About this task: In the records below, find the line containing "New VONZIPPER Sunglasses"; restate it and every later line word for word, through the last.

Data for review:

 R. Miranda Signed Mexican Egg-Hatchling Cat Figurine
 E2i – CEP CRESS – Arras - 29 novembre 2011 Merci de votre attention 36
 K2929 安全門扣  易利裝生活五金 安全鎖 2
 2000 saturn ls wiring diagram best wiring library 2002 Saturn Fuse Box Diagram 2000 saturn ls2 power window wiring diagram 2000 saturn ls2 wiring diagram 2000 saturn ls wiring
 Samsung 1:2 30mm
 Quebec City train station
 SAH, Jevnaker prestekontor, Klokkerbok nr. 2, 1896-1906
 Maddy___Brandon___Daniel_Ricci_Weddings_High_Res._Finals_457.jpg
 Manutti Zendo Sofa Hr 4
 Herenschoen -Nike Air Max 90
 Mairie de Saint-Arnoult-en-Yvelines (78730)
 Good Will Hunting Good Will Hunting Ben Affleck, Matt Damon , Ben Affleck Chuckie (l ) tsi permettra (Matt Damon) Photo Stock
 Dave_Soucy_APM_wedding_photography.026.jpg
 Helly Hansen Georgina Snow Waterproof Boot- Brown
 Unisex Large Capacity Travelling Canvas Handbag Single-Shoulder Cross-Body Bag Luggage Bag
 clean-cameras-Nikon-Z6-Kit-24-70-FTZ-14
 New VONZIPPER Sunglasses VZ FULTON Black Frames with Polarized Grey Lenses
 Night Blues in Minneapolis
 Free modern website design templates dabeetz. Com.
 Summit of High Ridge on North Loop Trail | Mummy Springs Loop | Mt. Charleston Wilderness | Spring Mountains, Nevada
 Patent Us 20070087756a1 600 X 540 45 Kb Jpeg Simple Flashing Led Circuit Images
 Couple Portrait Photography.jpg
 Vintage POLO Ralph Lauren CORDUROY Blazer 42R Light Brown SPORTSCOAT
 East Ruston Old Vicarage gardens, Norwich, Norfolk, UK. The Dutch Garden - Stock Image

Response below:
 New VONZIPPER Sunglasses VZ FULTON Black Frames with Polarized Grey Lenses
 Night Blues in Minneapolis
 Free modern website design templates dabeetz. Com.
 Summit of High Ridge on North Loop Trail | Mummy Springs Loop | Mt. Charleston Wilderness | Spring Mountains, Nevada
 Patent Us 20070087756a1 600 X 540 45 Kb Jpeg Simple Flashing Led Circuit Images
 Couple Portrait Photography.jpg
 Vintage POLO Ralph Lauren CORDUROY Blazer 42R Light Brown SPORTSCOAT
 East Ruston Old Vicarage gardens, Norwich, Norfolk, UK. The Dutch Garden - Stock Image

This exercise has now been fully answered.